Освещая путь спичками, они поднялись к Кастану. Вошли в комнату и сразу же открыли окна из-за нестерпимой духоты и дурного запаха. Издали донесся характерный комариный писк. Зажглось робкое, как бы дрожащее от страха, бледное пламя стеариновой свечи. Хуже всего была овладевшая ими обоими какая-то неопределенность, тревога, тоска. Кастан, не раздеваясь, бросился на постель. Лаэрте подошел к окну. Вид неба изменился: среди низких и тяжелых облаков, несшихся на уровне вершины Монте-Серрате, открылся большой просвет, и в нем показалась чистая прозрачная луна. Лаэрте, которому еще не хотелось спать, принялся наблюдать за двором. До него донесся аромат поджаренного хлеба, который неожиданно пробудил в нем аппетит. Ах, да, ведь там пекарня…
При слабом, неверном свете луны двор ожил. Как? Неужели больного оставили на улице, в ночной сырости? Да, на тюфяке под простыней угадывались очертания тела. Вокруг двигались и скользили какие-то крошечные тени. А! Это был уже не больной, а труп. Жители барака оставили покойника на земле. И под простыню забрались крысы; они там возились, шуршали, испуганно попискивали…

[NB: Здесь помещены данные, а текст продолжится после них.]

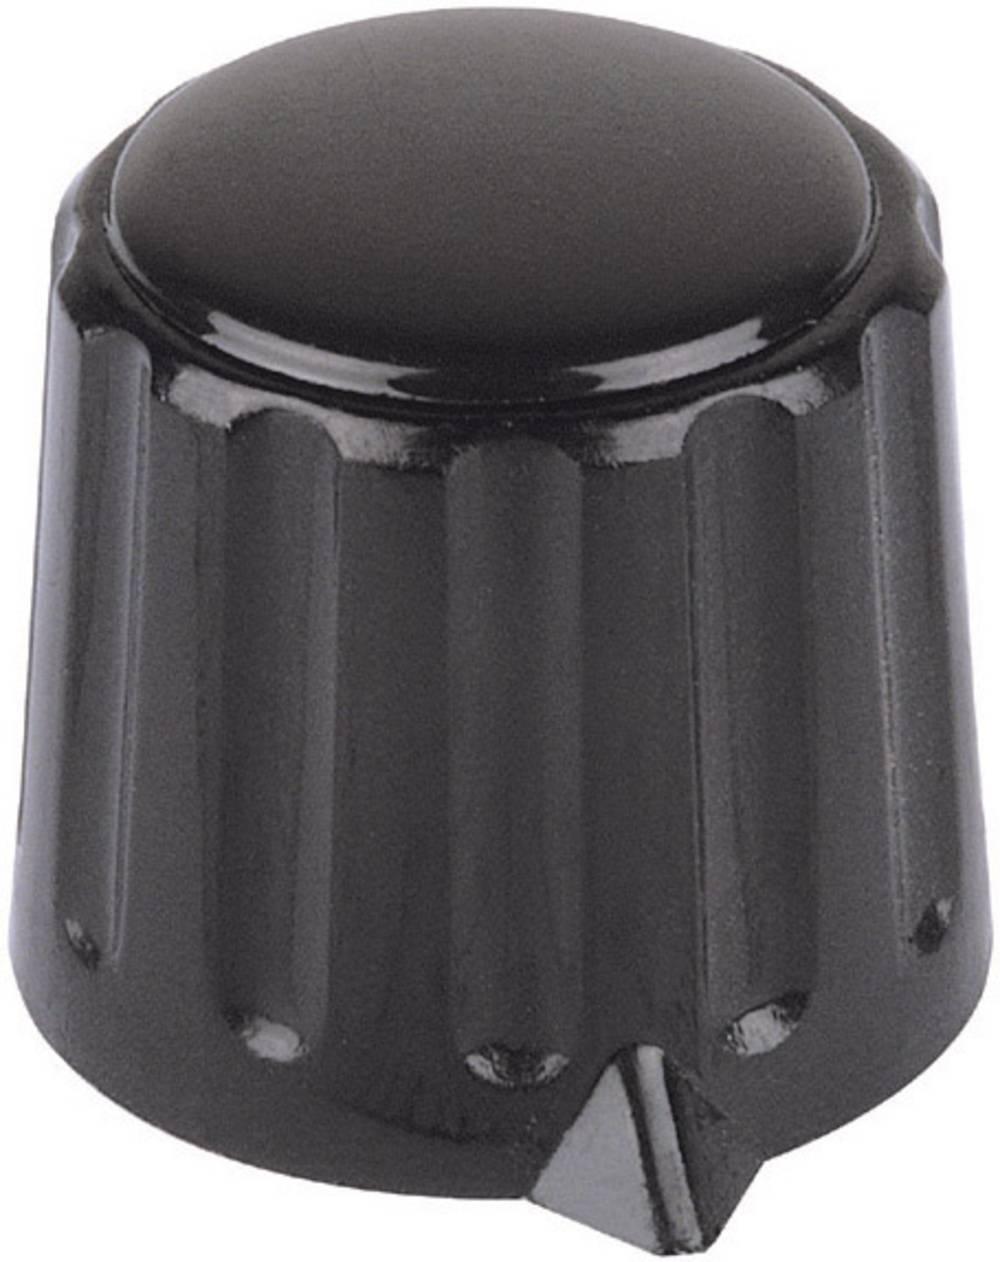 Mentor Plastični vrtljivi gumb(stezne pincete) crna promjerosi 6mm 4309.6131

Он отошел от окна. Кастан спал. На другой постели кто-то безмятежно храпел. Должно быть, это кубинец Бенито. Лаэрте лег на предоставленную ему койку, с головой покрылся простыней, но не мог заснуть. Всю ночь он слушал бой часов на колокольне церкви Санто-Антонио.
На рассвете у дверей остановилась какая-то повозка. Послышались голоса… Не приехал ли катафалк за покойником? Нет, это в пекарне начали выдавать клиентам хлеб. О, эта земля, где жизнь и смерть смешиваются до такой степени, что мы не в состоянии их различить!
Он встал и распрощался с товарищами по комнате. Кастан со свечой в руке проводил его до двери. Выйдя на улицу, Лаэрте быстрыми шагами направился к вокзалу. На углу под фонарем люди из барака все еще продолжали курить и разговаривать…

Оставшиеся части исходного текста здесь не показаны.